Architektonischer Ausgangspunkt
Das Streichquartett in C-Dur op. 20 Nr. 2 ist eines der ehrgeizigsten Quartette von Franz Joseph Haydn (1732–1809) aus der sogenannten "Sonnen"-Reihe (1772). Besonders die Schlussfuge – Fuga a 4 soggetti – ist eine tour de force, die damals die Grenzen des Genres auslotete. Das Isidore Quartet spielt dieses Eröffnungsstück mit einer bemerkenswerten Kombination aus struktureller Klarheit und Erzählsinn. Das Moderato atmet Raum; die melodischen Linien werden weitergegeben wie in einem lebhaften Gespräch. Das Capriccio: Adagio erhält die nötige expressive Freiheit, ohne die Struktur aus den Augen zu verlieren.
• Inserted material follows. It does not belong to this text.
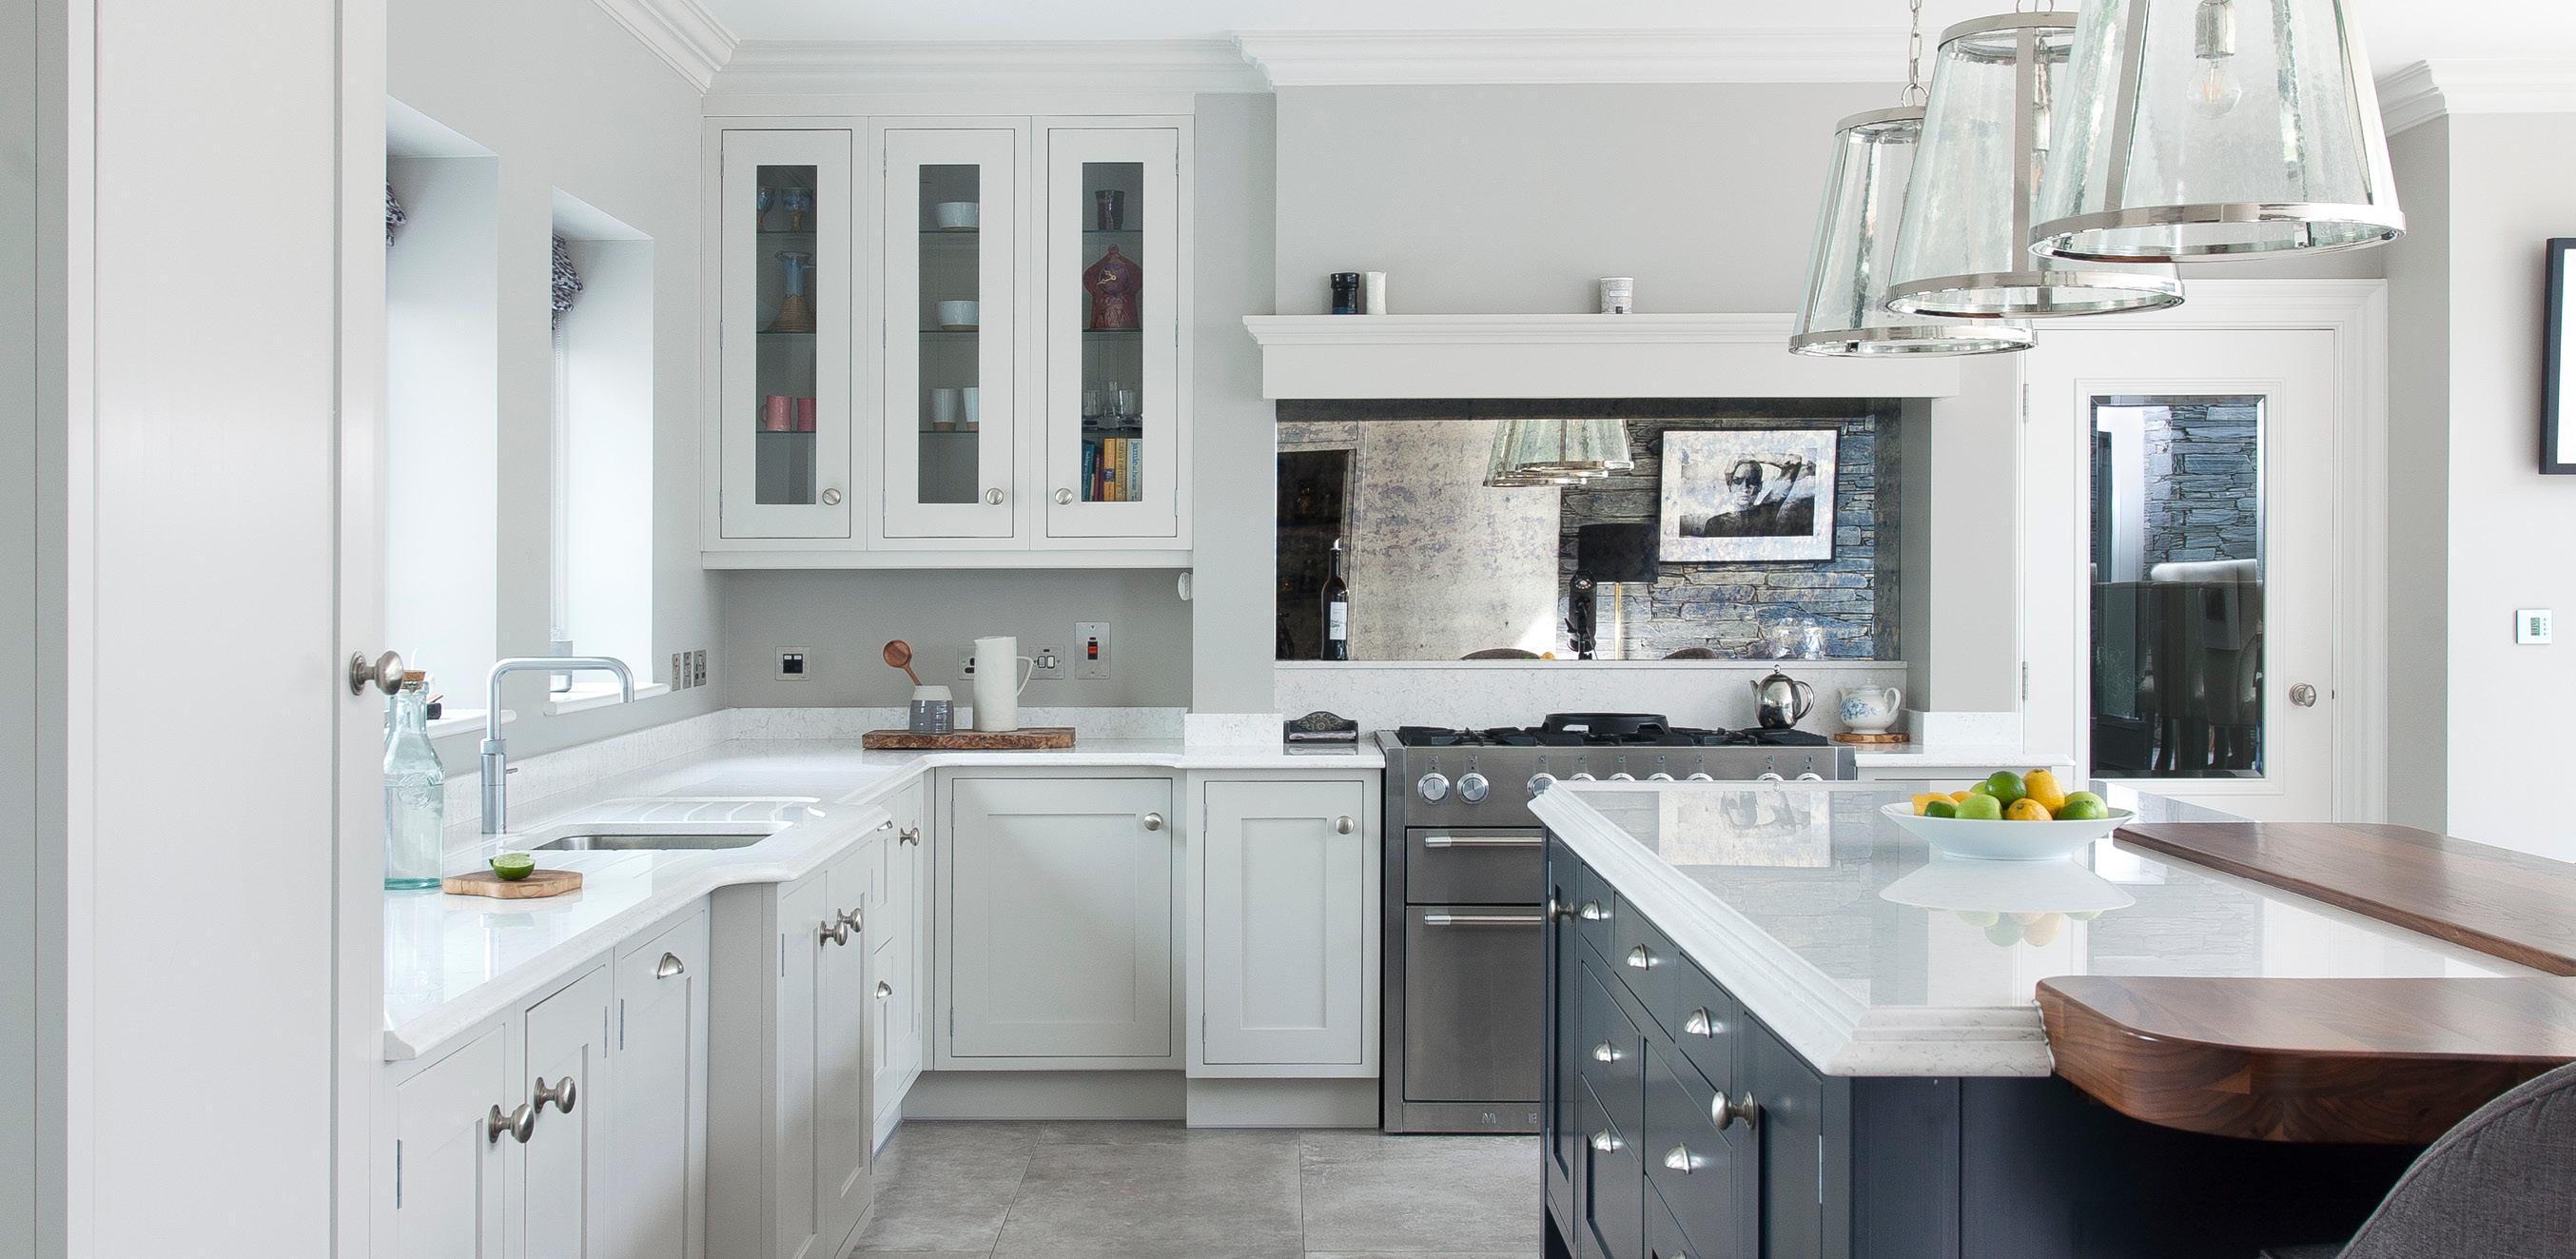 Modern Classic Kitchen greenhill kitchens, county tyrone, northern ireland » modern

Das Menuetto: Allegretto bringt willkommene Leichtfüßigkeit: Die Musiker nehmen sich Zeit für die eleganten Tanzschritte, ohne sie zu überladen, und das Trio atmet verhaltene Grazie. Und diese Schlussfuge? Scharf, rhythmisch straff, aber niemals mechanisch – die vier Musiker spüren haargenau, wann eine Stimme in den Vordergrund treten darf und wann sie sich in das Gewebe zurückziehen muss.
Zentraler Atemzug
Das Molto adagio aus dem Streichquartett op. 11 von Samuel Barber (1910–1981) – in der bekannten Orchesterfassung zum Inbegriff eines kollektiven Trauermomentes in nationaler Trauer geworden – klingt hier in seiner ursprünglichen Form, intim und ergreifend. Das Isidore Quartet legt dieses Werk als einen langen, verhalten gehaltenen Atem nieder. Dass die Musiker dieses Stück nach dem Tod ihres Mentors aufnahmen, hört man, aber es übersetzt sich nicht in einen Hauch billiger Sentimentalität, sondern in musikalische Konzentration mit einer langen, hängenden Phrasierung, die von verhaltenem Intensitätsglanz aufleuchtet.
Rausch des Glücks
Das Streichquartett in Es-Dur op. 44 Nr. 3 schrieb Felix Mendelssohn (1809–1847) 1838, kurz nach seiner Hochzeit mit Cécile Jeanrenaud. Die Musik strahlt Lebensfreude und emotionale Erfüllung aus, und das Isidore Quartet packt diesen Ton mit beiden Händen. Das Allegro vivace eröffnet mit einem Funkeln, das sofort den Ton setzt: leicht, elegant, voller Vertrauen. Das Scherzo: Assai leggiero e vivace ist einer jener Momente, in denen man sich bewusst wird, dass man Musikern zuhört, die Freude an dem haben, was sie tun, und diese Freude auch teilen. Das Adagio non troppo hat eine verhalten gehaltene, erfrischende Innigkeit, die etwas anders klingt als der schwere Ernst, den manche Ensembles hier an den Tag legen; auch der Schlussteil Molto allegro con fuoco wird mit Triebkraft und Präzision gebracht, ohne dass die Musik hart oder gehetzt wirkt.
Stille
Die CD endet mit Adoration von Florence Price (1887–1953), bearbeitet von Samuel Araya für Streichquartett. Price, eine Pionierin unter den Afroamerikanischen Komponisten und eine der Ersten, deren Werke von einem amerikanischen Symphonieorchester aufgeführt wurden, schrieb dieses bescheidene und ergreifend schöne Klavierstück 1951. Die Bearbeitung ist gelassen und respektvoll: warme Harmonien, ruhige Linienführung, eine intime, nahezu religiöse Ruhe, die perfekt als Schlussstück eines Albums passt, das – trotz all seiner Vielfalt – immer wieder zu der Frage zurückkehrt, was Musik uns in Zeiten des Verlustes und der Freude geben kann.
Ein Ensemble zum Schätzen
Adorations ist ein Debüt, das sofort die Visitenkarte eines reifen Ensembles ablegt. Das Isidore String Quartet spielt mit einem Klang, der sowohl verfeinert als auch offen ist, mit einer Ensemblebalance, die sich selten aufdringlich zur Schau stellt, aber immer selbstverständlich klingt.
Mit diesem Album hat das Isidore String Quartet sein erstes Wort gesprochen – und wer gut zuhört, hört darin bereits die Konturen einer eigenen Stimme.